Thursday 9.7.2020 in Latest Developments in Germany Country Page
In June, Greenpeace Germany and Gesellschaft für Freiheitsrechte published a report on the ‘Democratic participation of civil society in the Corona pandemic’. They found that civil society’s input has at times been neglected, but that new and innovative ways of engagement have also been developed.
The report finds that Civil Society Organisations (CSOs) were not consulted when the first confinement measures were introduced. As a result, warnings about the effects that the lockdown might have on domestic violence were not heard in time. When some of the measures were eased at a later stage, corporate interests seemed to have priority over social interests. The report criticises government’s policy for neglecting vulnerable groups such as children, women and migrants and for reinforcing traditional gender roles. The German Women’s Council links the lack of consideration of gender to the fact that the team which strongly influenced Germany’s COVID- 19 strategy was underrepresented in terms of women advisors.
The report furthermore criticises the fact that, unlike the business sector, the approximately 600,000 NGOs that are active in Germany cannot count on financial support from the government. This endangers not only their work, but also their very existence as many CSOs have lost part of their funding during the crisis. An initiative proposed by the regions of Berlin, Bremen and Rheinland-Pfalz to support CSOs was rejected in the Federal Council.
However, there are also some positive developments in terms of opportunities that accelerated the digitalisation of civil society, which has also enabled the public in general to engage politically. Many public hearings in the Parliament for example were moved online, something the authors of the report expect to continue even after the COVID-19 crisis is over. But it is important to note that not everyone has access to these digital formats, and thus there is a risk of further exclusion. More old-fashioned methods of communication were also used successfully. For example, in Hamburg an initiative to stop the construction of 7,000 new houses managed to collect 5,000 signatures by post.
As previously reported on the Monitor, far-right groups staged protests against government’s lockdown measures in March 2020. During May 2020 several protests were staged in various cities against lockdown measures. It is believed that the protests are led by far-right groups Resistance 2020 and COMPACT. In Stuttgart police issued fines for violation of lock down rules to the value of 20,000 Euros, while in Munich 1,000 officers were deployed to control protests.
Black Lives Matter protests
Following mass protests against racism in the US after the death of George Floyd, a Black man, by a Minneapolis police officer, Black Lives Matter (BLM) protests have spread across the globe, including in Germany where several protests took place. On 5th June 2020, about 4,500 people gathered in Hamburg. However, police intervened just 30 minutes after the protest began as they claimed that protesters failed to adhere to lockdown rules, such as wearing masks and maintaining social distancing. Thousands also gathered in Frankfurt. On 6th June 2020 about 15,000 people gathered for a BLM protest in Berlin. While the protest remained largely peaceful, police and protesters clashed and several protesters were arrested.
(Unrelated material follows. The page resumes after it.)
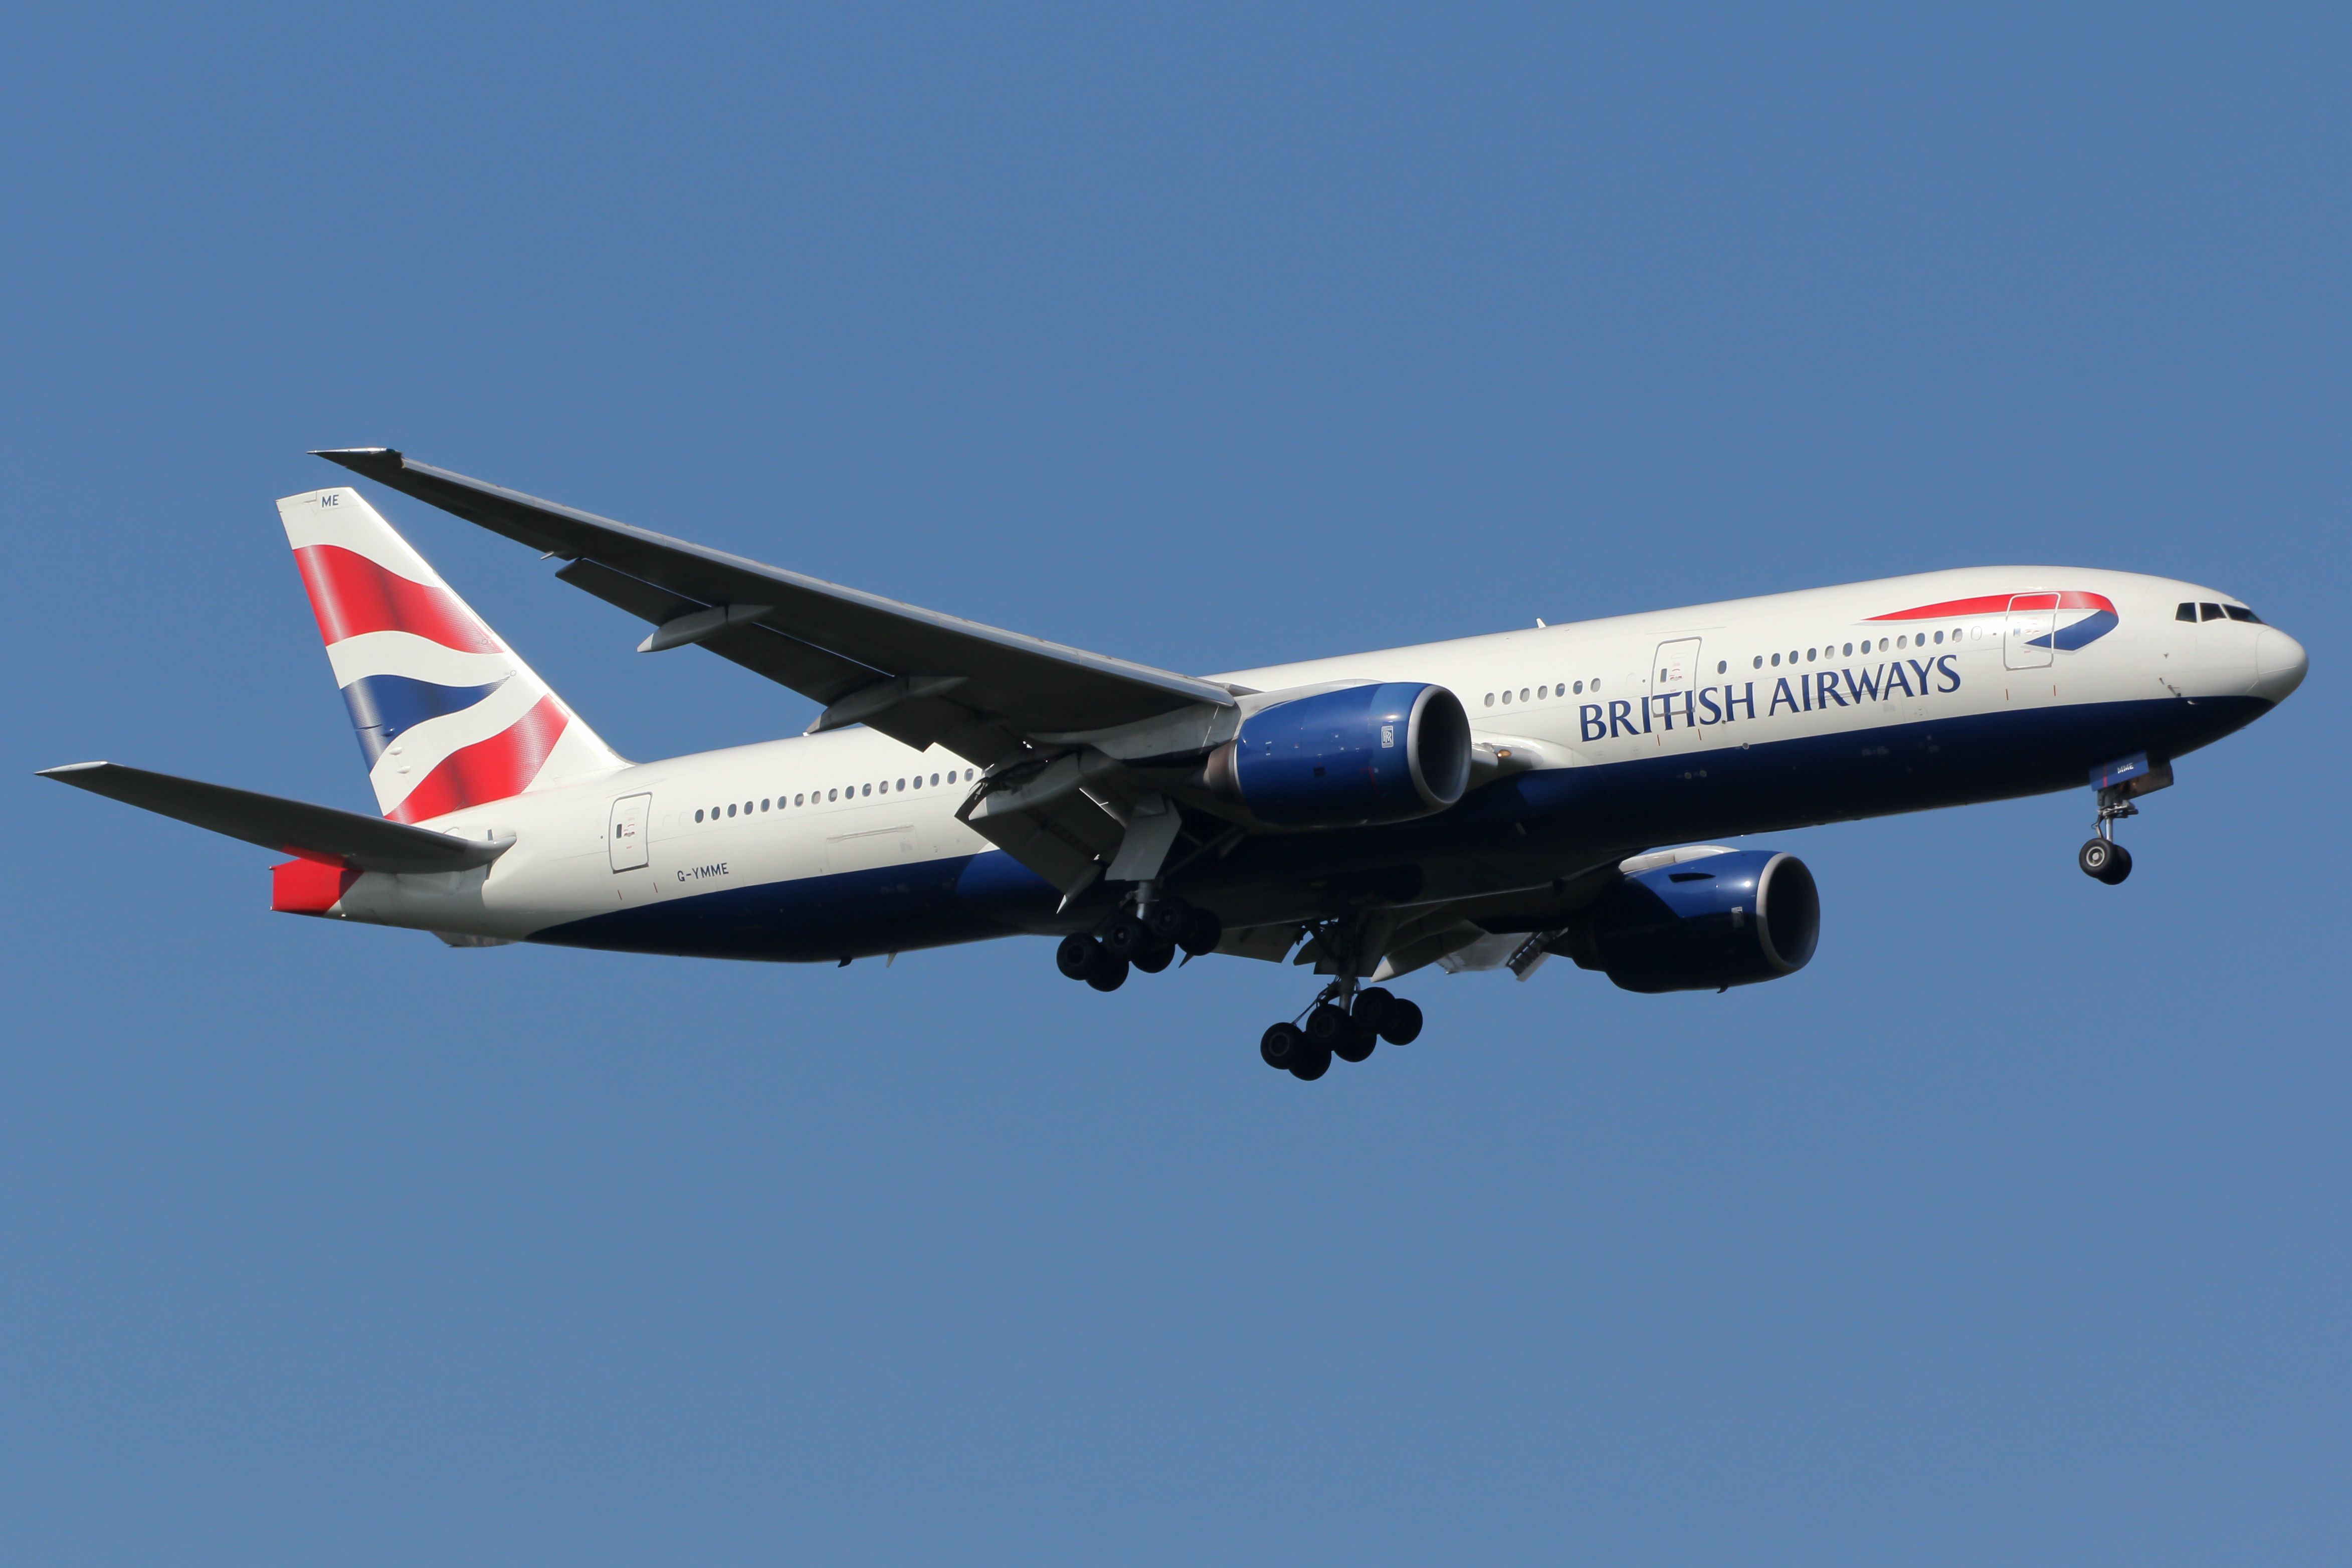 British Airways Boeing 777 Landing In Sunny Conditions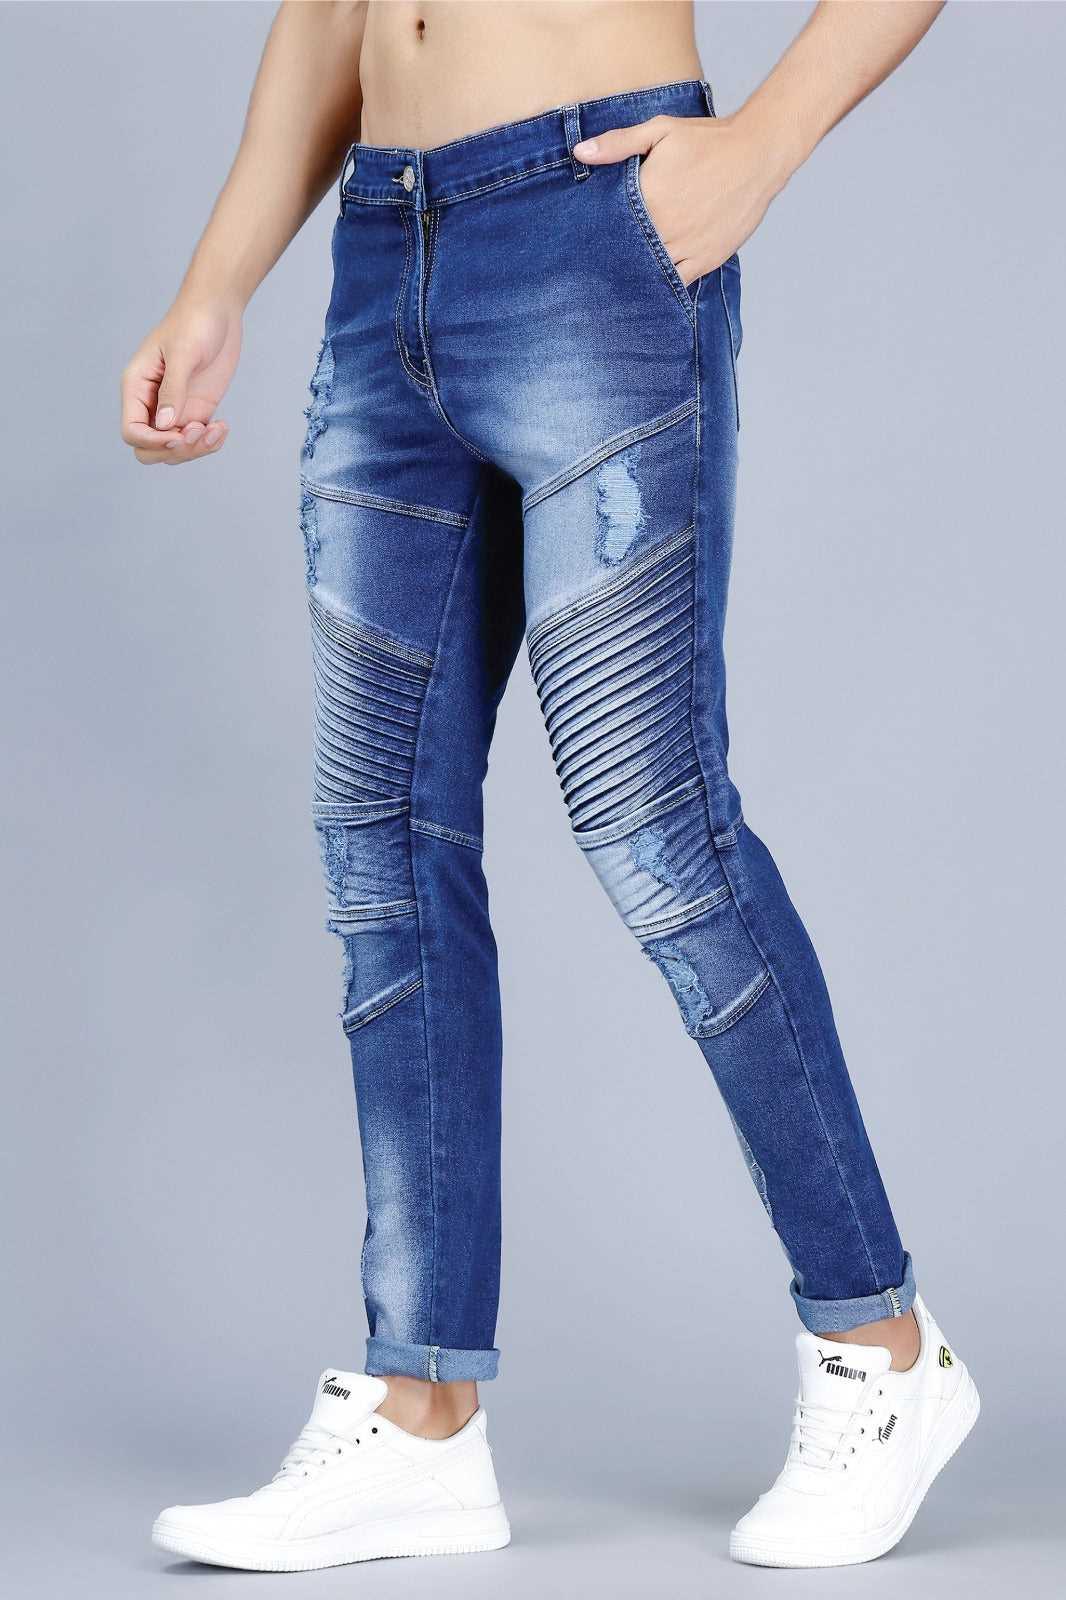 Men's Slim Fit Ankle Length Biker Denim Jeans With Rough Look - Peplos Jeans

Black Lives Matter Berlin issued a statement which condemned the numerous arbitrary arrests of black protesters by police. The statement details that some arrests were due to racial profiling and states that 93 arrests were reported by the media. It said:
“Since many of us have been on site and have been collecting and evaluating witness reports and video material on the individual cases up to the present moment, there is no doubt in our minds that these excesses of police force, harassment and threats to young demonstrators are shaped by a racist climate.”
If the @PolizeiBerlin_E count is accurate, there were 15,000 protesters in Alexanderplatz today -- 10 times as many as originally expected. @byscunningham of @kcrwberlin was there reporting on #blacklivesmatterberlin pic.twitter.com/DIXeK6Xlfy— SorayaSarhaddiNelson (@sorayanelson) June 6, 2020
#Germany: Mass global surveillance by intelligence service #BND ruled unconstitutional & in contravention of #PressFreedom guaranteed by Basic Law. Ruling prompted by complaint by @RSF_inter sends an important signal for #PressFreedom in the digital age. https://t.co/7addRI8vHz pic.twitter.com/qX3pd5WbOs— Christophe Deloire (@cdeloire) May 19, 2020
On 19th May 2020 the German Federal Constitutional Court ruled that Germany’s foreign intelligence service Bundesnachrichtendienst (BND) law, which enables mass surveillance, is unconstitutional as it disregards both the freedom of the press (Article 5) and the freedom of telecommunications (Article 10) as it does not recognise that foreign surveillance must be conducted in conformity with the Basic Law. The judgment made it clear that foreign surveillance is only permissible in limited cases and that stricter criteria are needed for surveillance. In addition, such surveillance must be conducted by an independent body. More specifically, the ruling makes clear that journalists must be granted special protection, thus protecting freedom of the press. In a statement, Reporters Without Borders welcomed the ruling:
“The Federal Constitutional Court has once again underlined the importance of press freedom. We are delighted that Karlsruhe is putting a stop to the escalating surveillance practices of the Federal Intelligence Service abroad,”- Christian Mihr, Executive Director of RSF Germany.